··· Recorded information ···

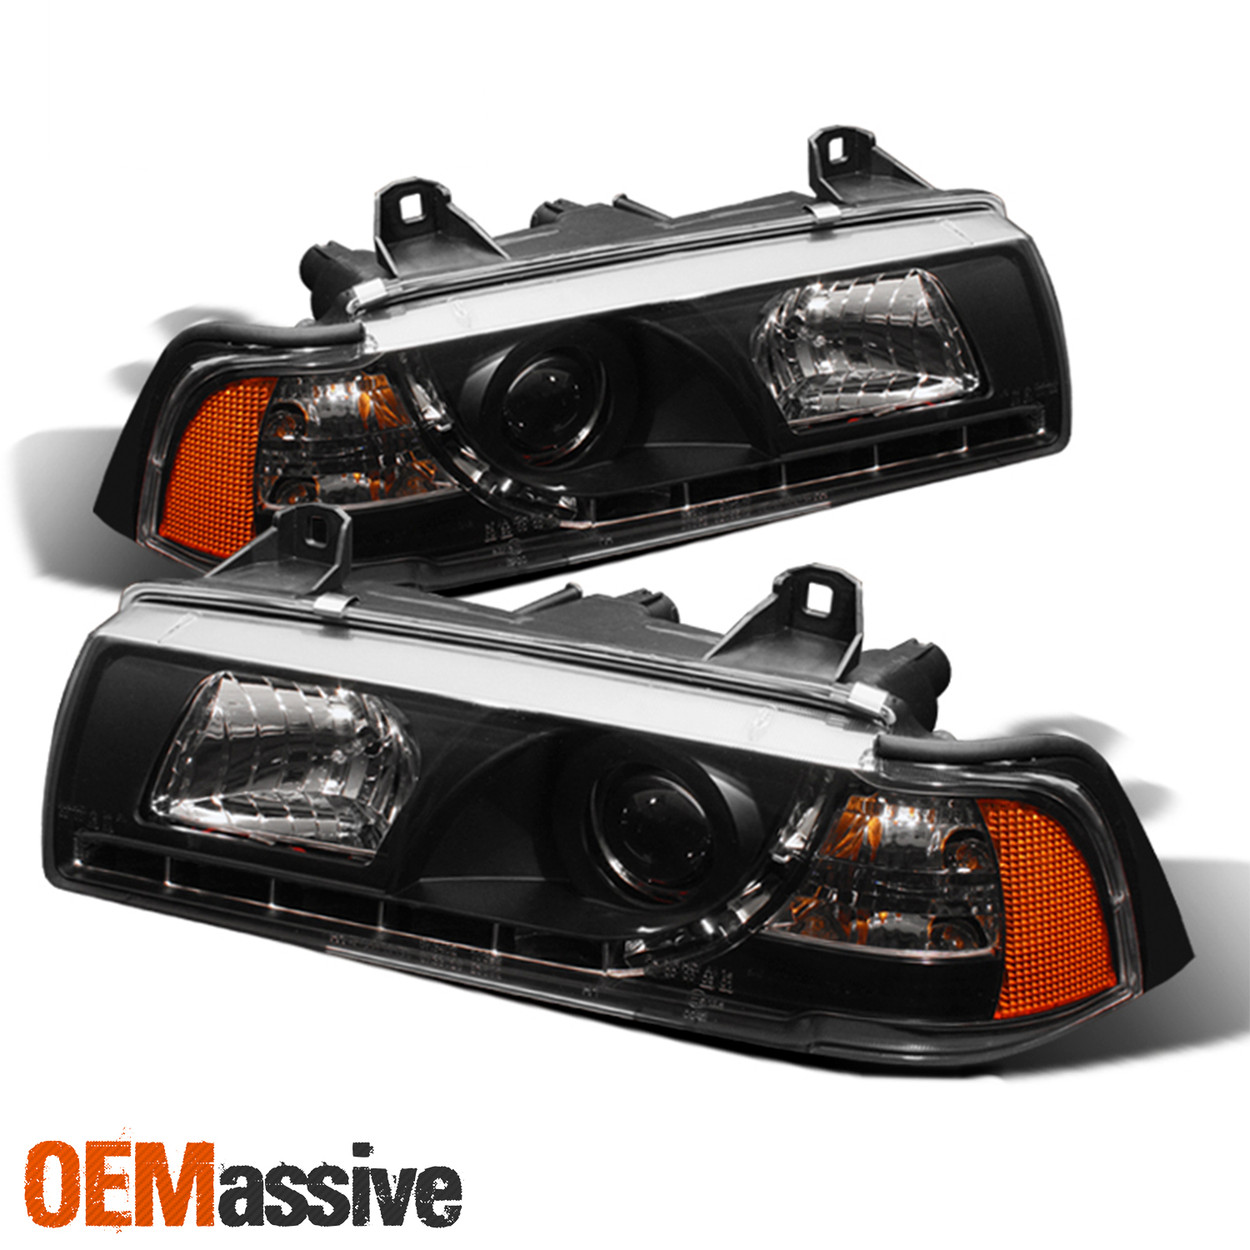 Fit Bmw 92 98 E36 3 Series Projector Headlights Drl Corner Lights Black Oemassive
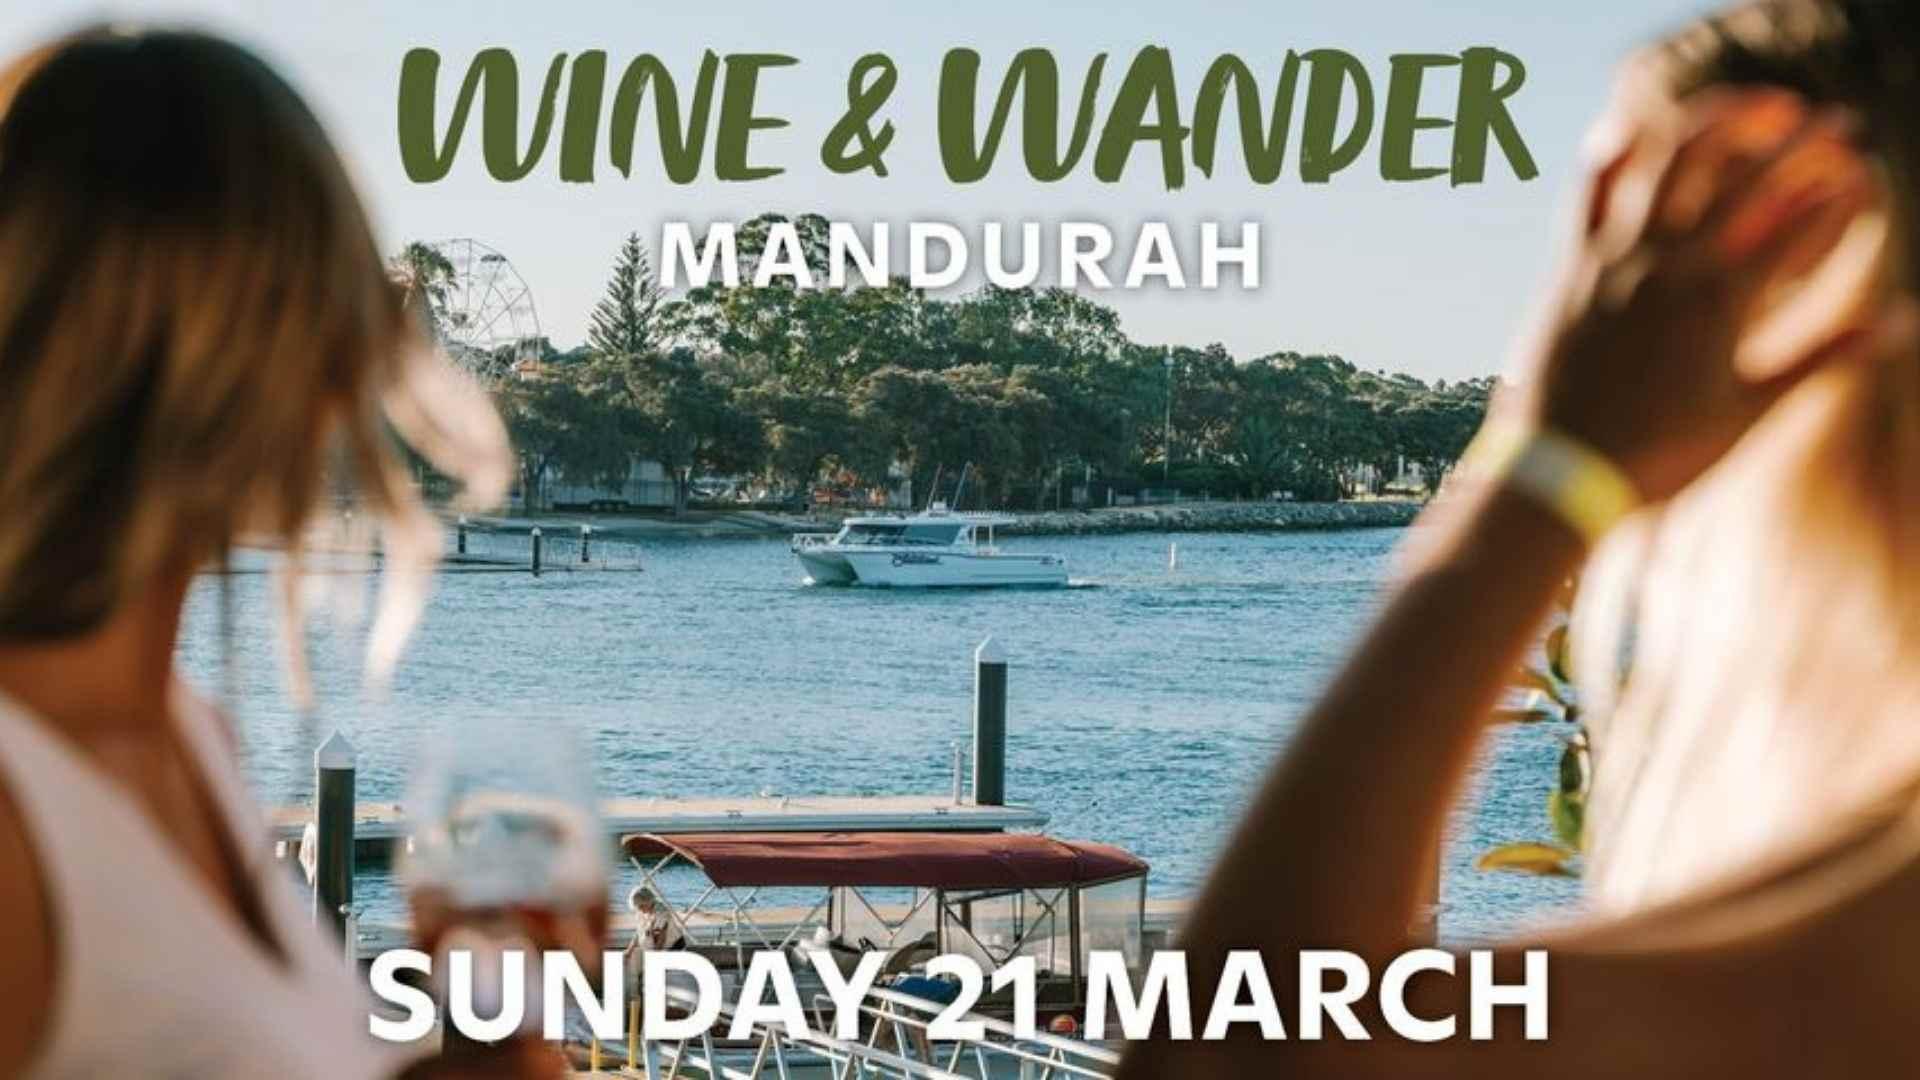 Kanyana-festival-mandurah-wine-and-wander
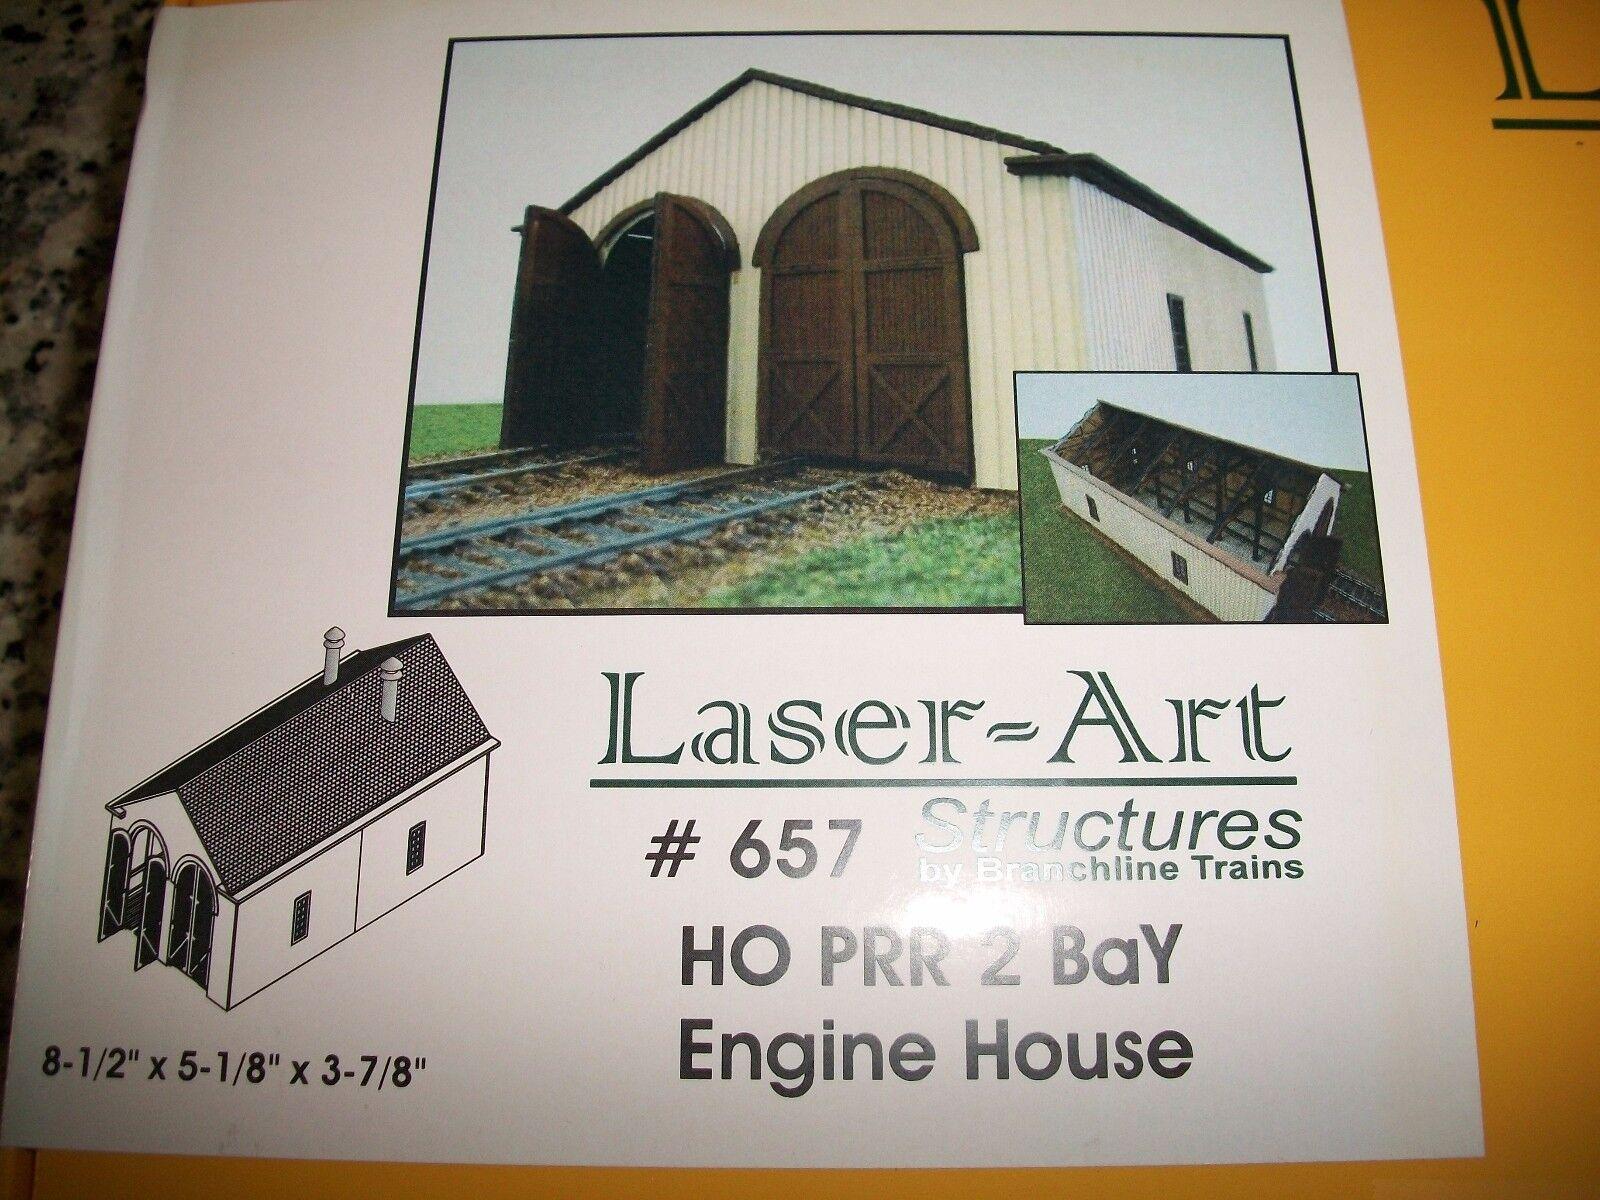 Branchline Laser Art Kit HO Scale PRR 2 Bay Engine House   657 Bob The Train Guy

···

→ **Problem**:
Write out the data above precisely. Pictures stay out.

→ **Solution below**:
 Fit Bmw 92 98 E36 3 Series Projector Headlights Drl Corner Lights Black Oemassive
 Kanyana-festival-mandurah-wine-and-wander
 Branchline Laser Art Kit HO Scale PRR 2 Bay Engine House   657 Bob The Train Guy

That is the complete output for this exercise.